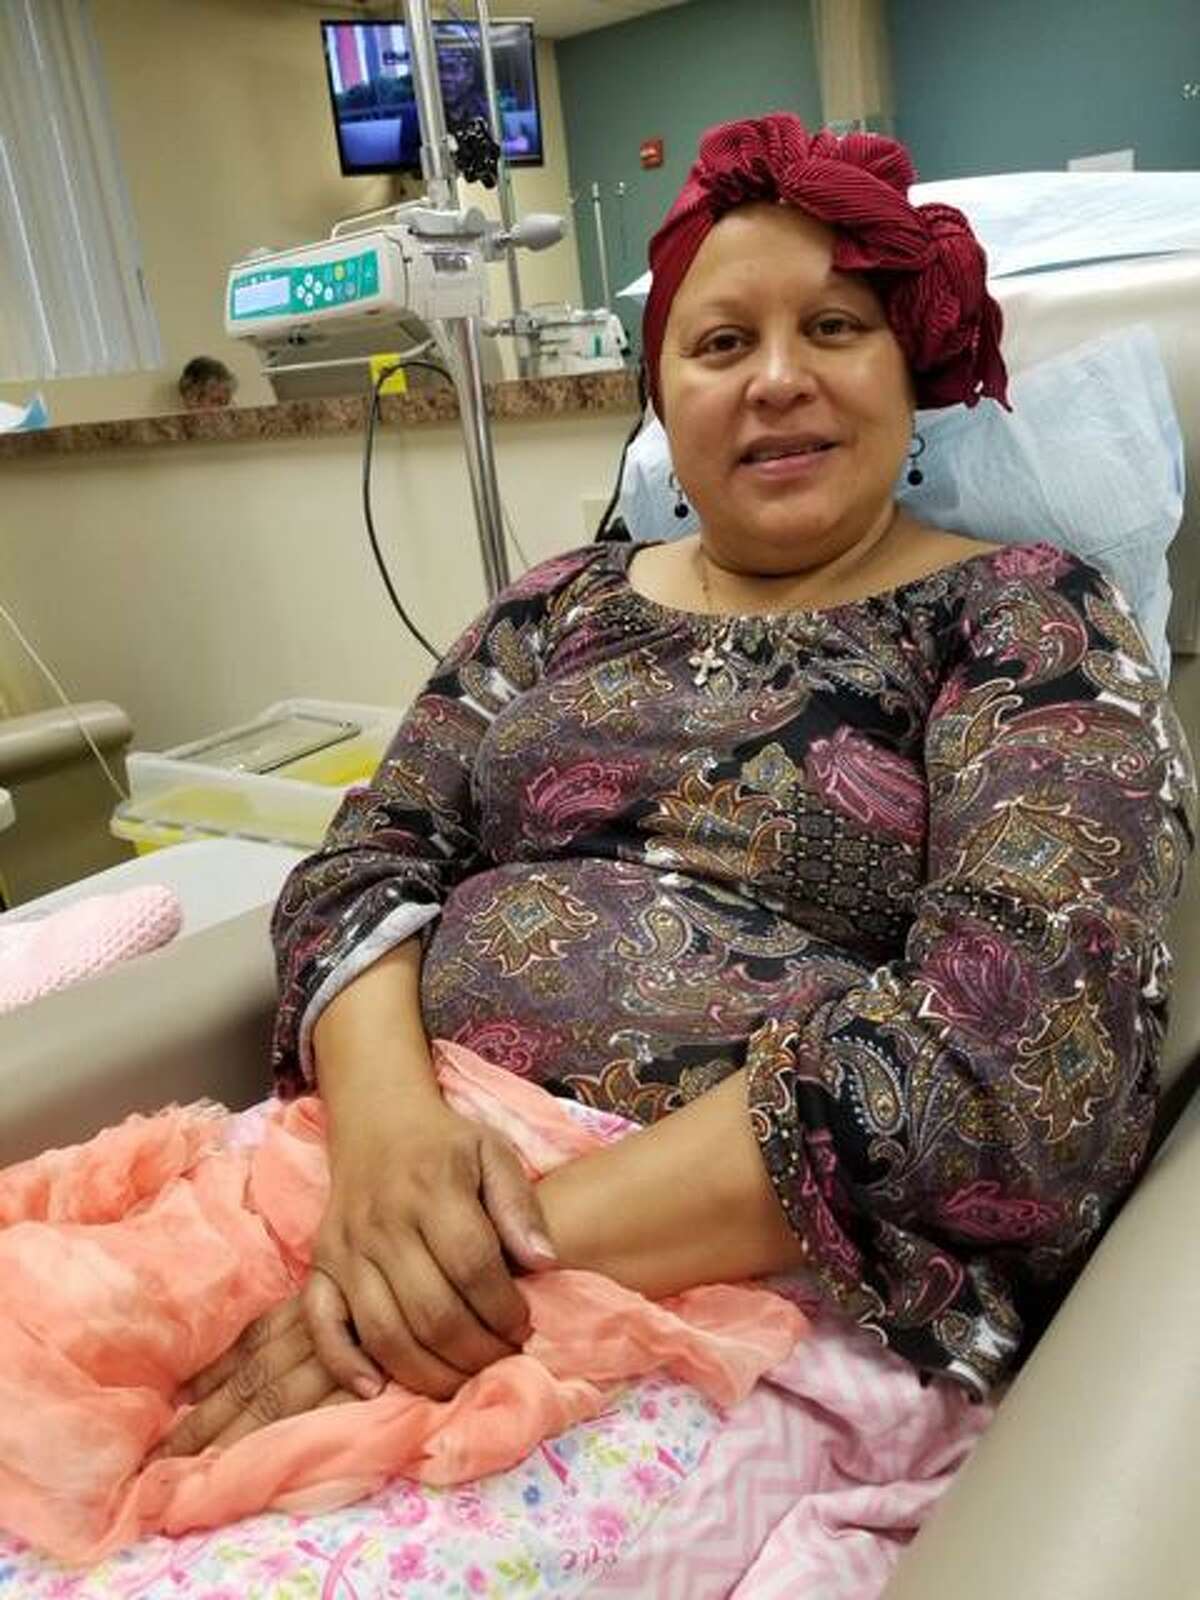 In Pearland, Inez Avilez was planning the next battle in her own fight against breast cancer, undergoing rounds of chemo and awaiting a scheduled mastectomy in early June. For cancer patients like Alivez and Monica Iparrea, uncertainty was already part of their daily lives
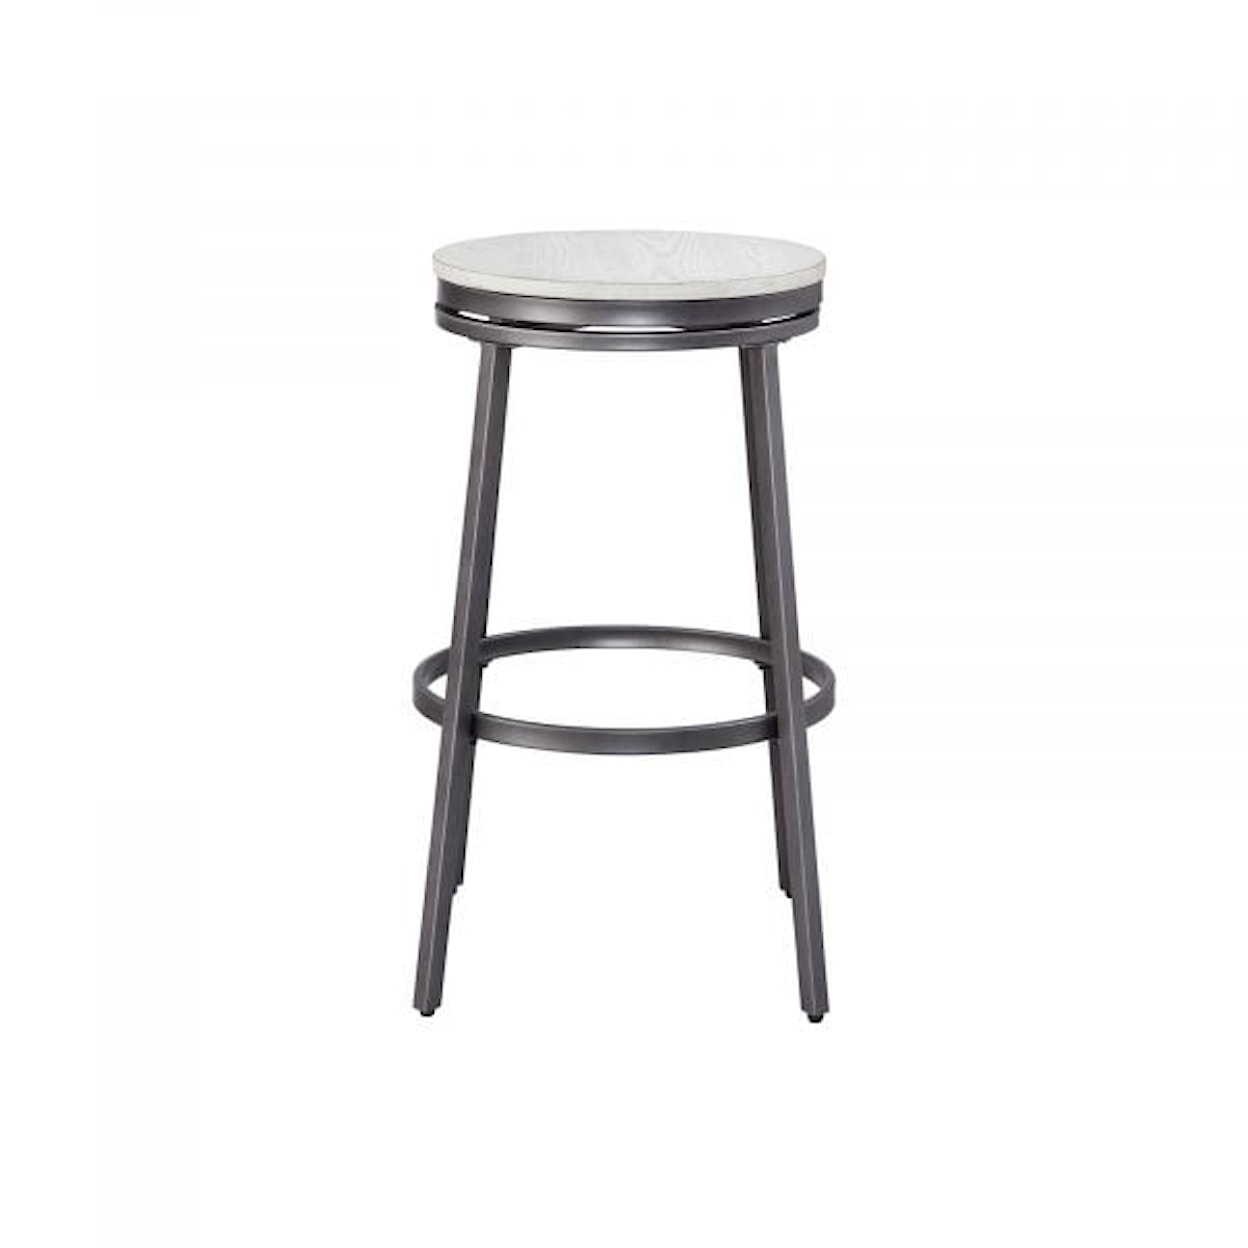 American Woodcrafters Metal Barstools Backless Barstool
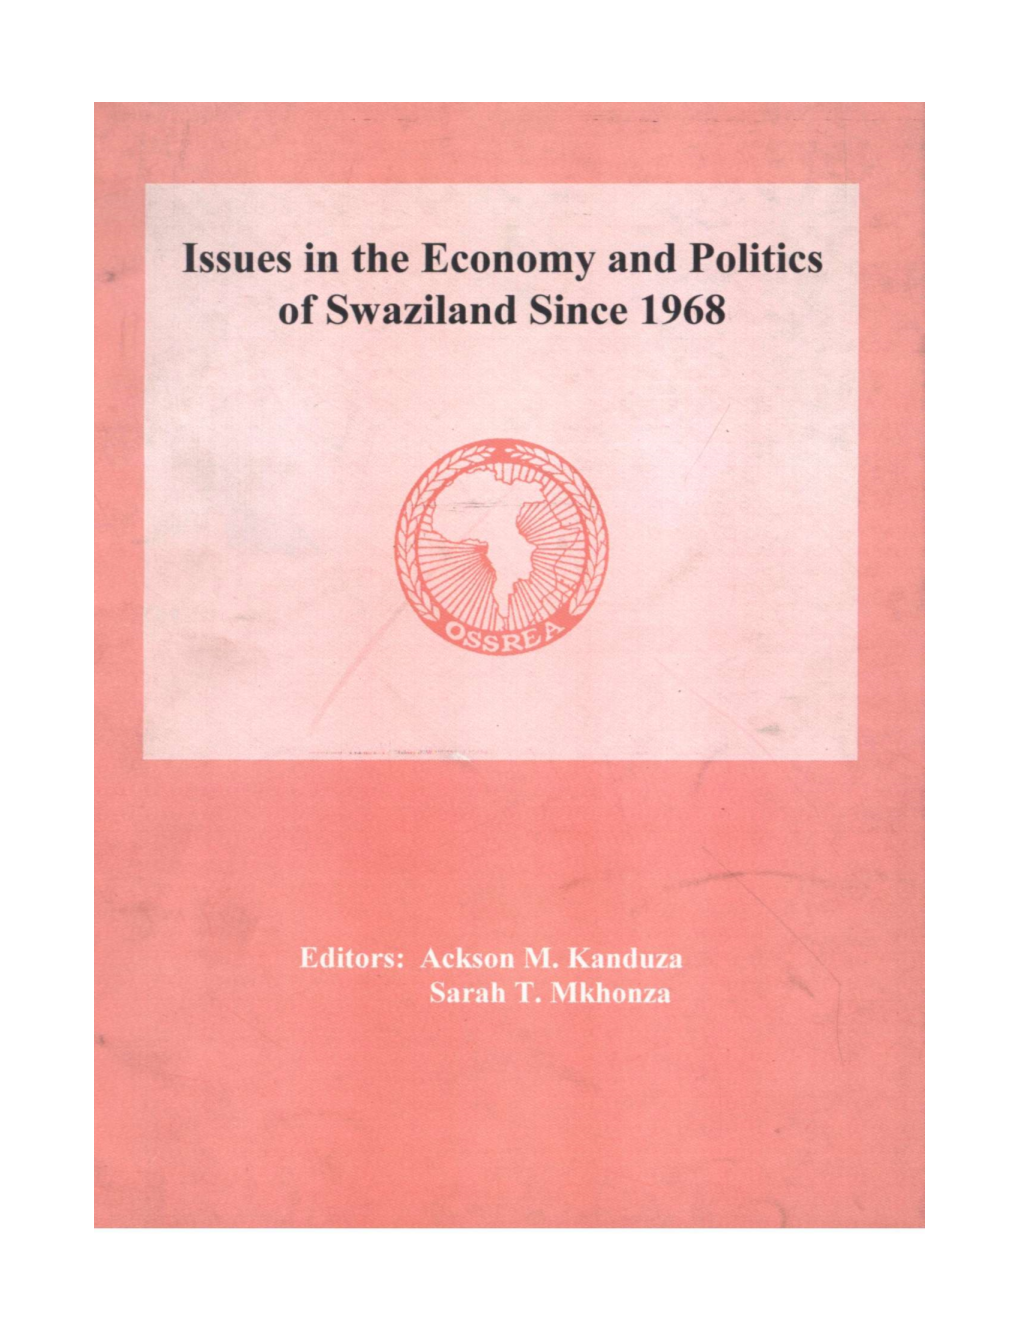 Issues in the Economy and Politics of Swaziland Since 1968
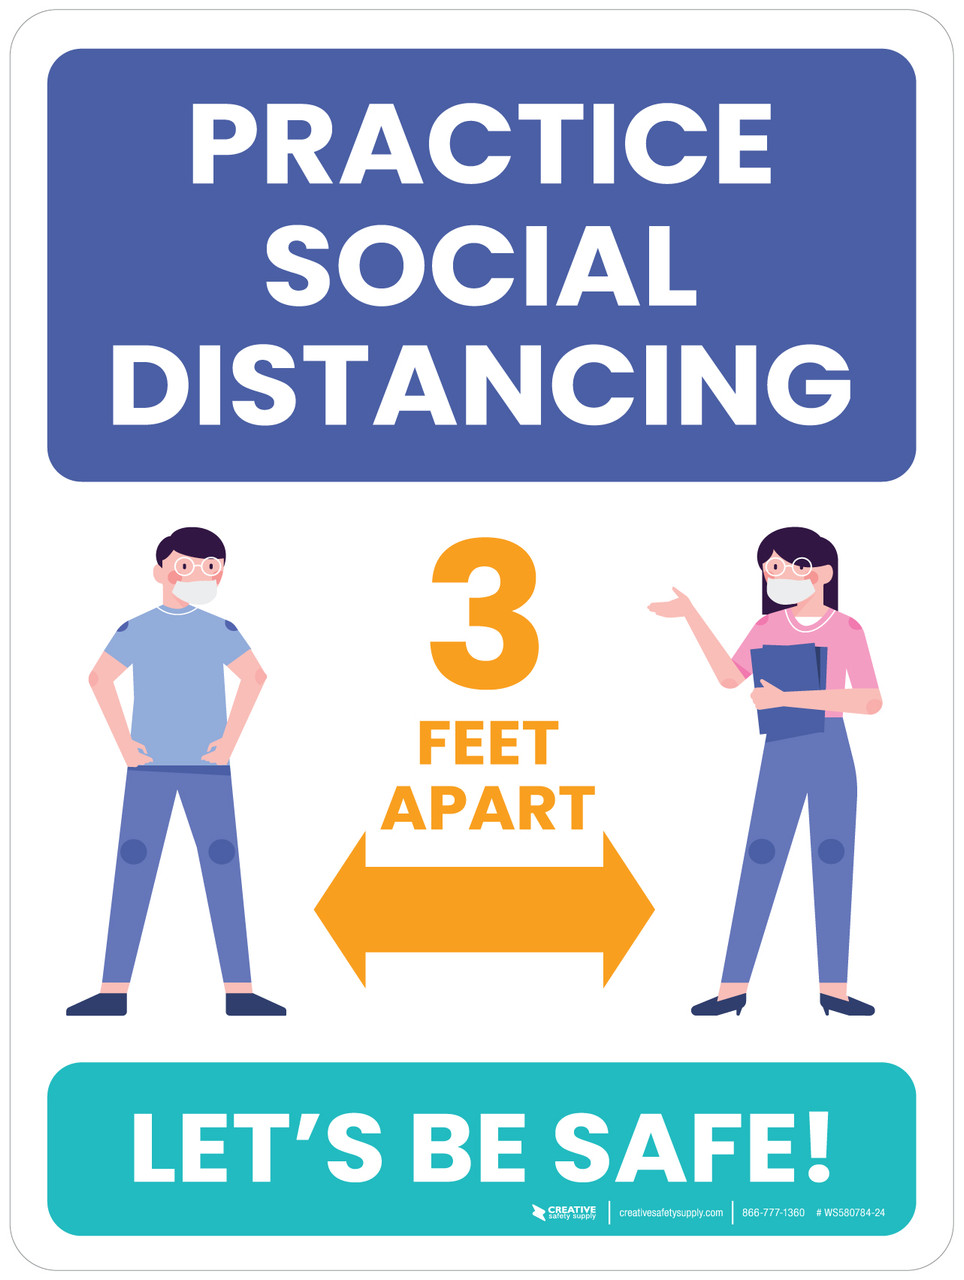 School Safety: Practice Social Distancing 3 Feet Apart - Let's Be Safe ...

::::::::

§ **Problem details**:
Begin with the line that contains "Issues in the" and repeat every line through the end of the data, exactly and only those lines, leaving out the pictures.

§ **Task result**:
 Issues in the Economy and Politics of Swaziland Since 1968
 School Safety: Practice Social Distancing 3 Feet Apart - Let's Be Safe ...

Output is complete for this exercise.